Summary: We can be set adrift amid a sea of relativism by our own choice, or be anchored in the Truth. God will be for us either a stepping stone or stumbling block...either our hiding place or a bolder blocking our way.
Where do you get your news? From TV, radio, newspapers, the internet, your telephone? Where do you get truth? According to Isaiah, a lot of people would rather believe fanciful theories than facts. More and more people make their own truth. Isaiah cautions us not to believe everything we hear; what sounds like conspiracy isn’t. A recent sociological study finds that people who follow conspiracy theories are insecure; they feel special by what they deem hidden knowledge, which are mostly unfounded explanations of what is really going on. That’s the point of verse 12. How do we explain what life is all about? What's our source of wisdom? There are many conflicting worldviews. Some people prefer exotic explanations. In an age of arbitrary values, we need to seek and follow the truth.
Everyone has a worldview, whether they realize it or not. They’ve constructed a set of beliefs by which they understand life. They have a view of God, or of no God. They have a view of self, some concept of the meaning of life, and a set of values. These are either based on personal preferences or divine revelation. People use their values to justify their decisions; beliefs determine behavior. Many people rely on luck, fate, superstition, or intellectual options that lead to self-trust and ultimately despair, as they see the failure of human thinking to offer purpose and satisfying answers.
In context, the “conspiracies” Isaiah refers to may involve Israel seeking alliances with and foreign aid from pagan nations (which sounds like a sheep getting a loan from a wolf)…and rumors of war with the Northern Kingdom. The lesson is that we ought not accept at face value all the rumors we hear. Let’s consider the source and appraise every political and personal opinion by whether it is right, not popular.
How does Isaiah respond to these concerns of the people? He refers to those with little faith and calmly says, “Do not fear what they fear.” All around us people fear the future--they worry about money, their health they have great anxiety over world events, and yet the most often repeated directive in Scripture (114 times) is two simple words: “fear not”. God can take us from fear to faith. It’s been said, “Fear knocked on the door…Faith opened it; and no one was there.” If we’re trusting the One who holds the last minute, we need not fear the next minute. C.S. Lewis observed, “Though there is much to be puzzled about, there is nothing to be worried about.” We have nothing to fear when we embrace God’s truth.

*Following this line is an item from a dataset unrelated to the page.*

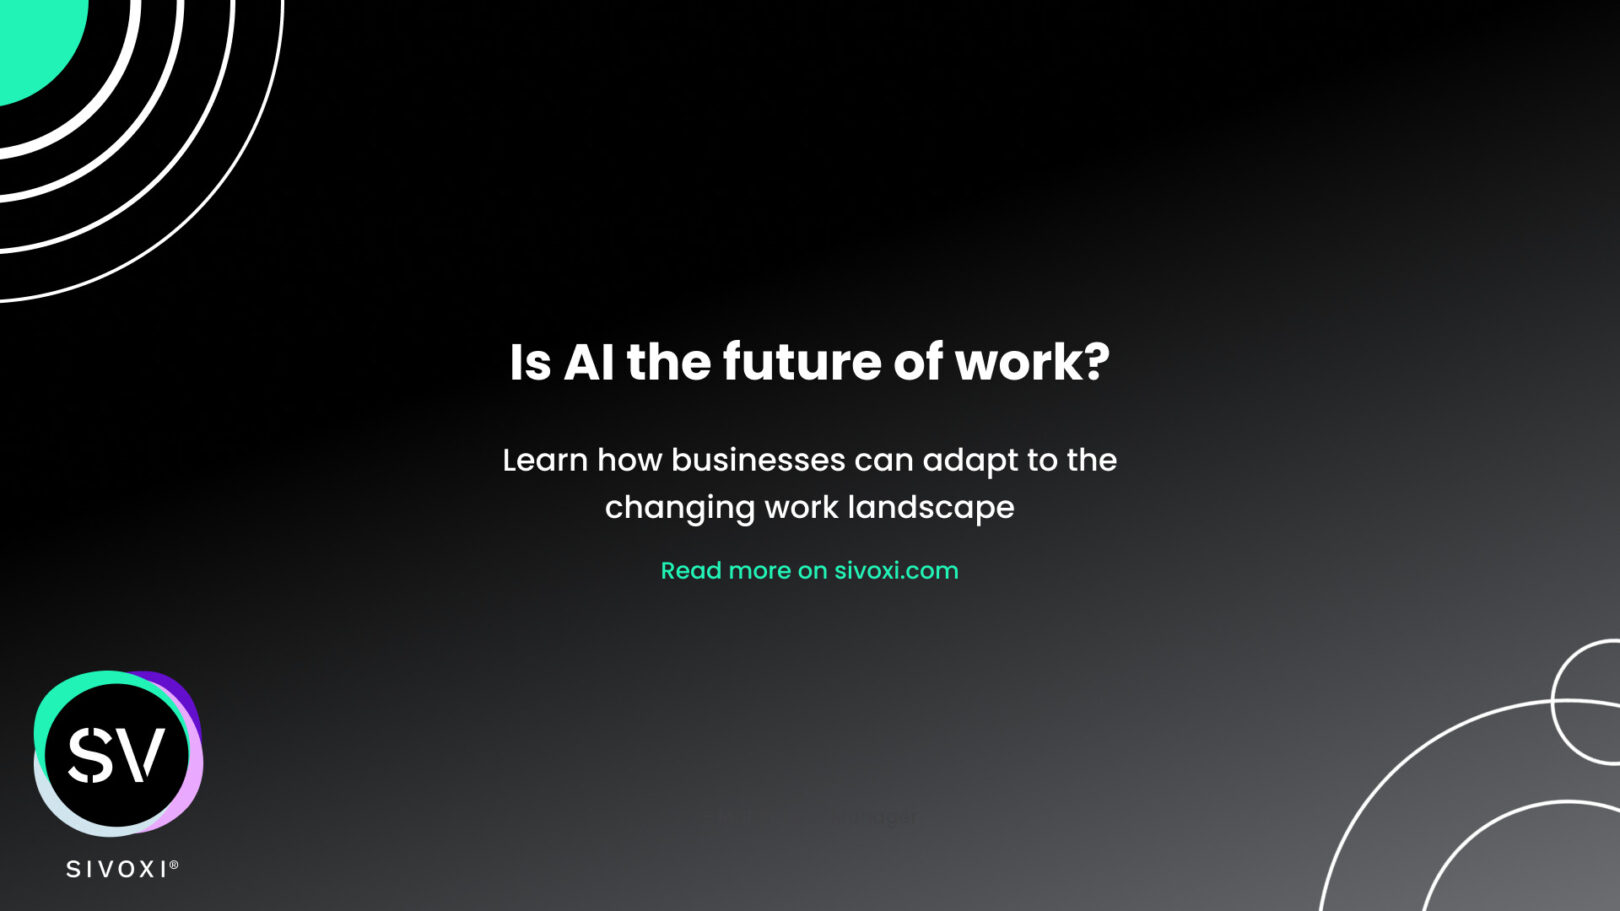 Is AI the future of work? Learn how businesses can adapt to the changing wokr landscape.

Isaiah warns us not to replace God with competing ideologies—verse 13. Faith needs to remain our steering wheel. If we’re not discerning, we may highly regard views that replace God in critical thinking. We may “hallow” secular thinkers, yet God is the only One who is truly holy, which is a comfort in our uncertain, often fearful world. There are many competing philosophies in our world, and many dangerous ideas. Think of the people who’ve influenced you the most. They could be authors, teachers, friends…are they trusted people of faith?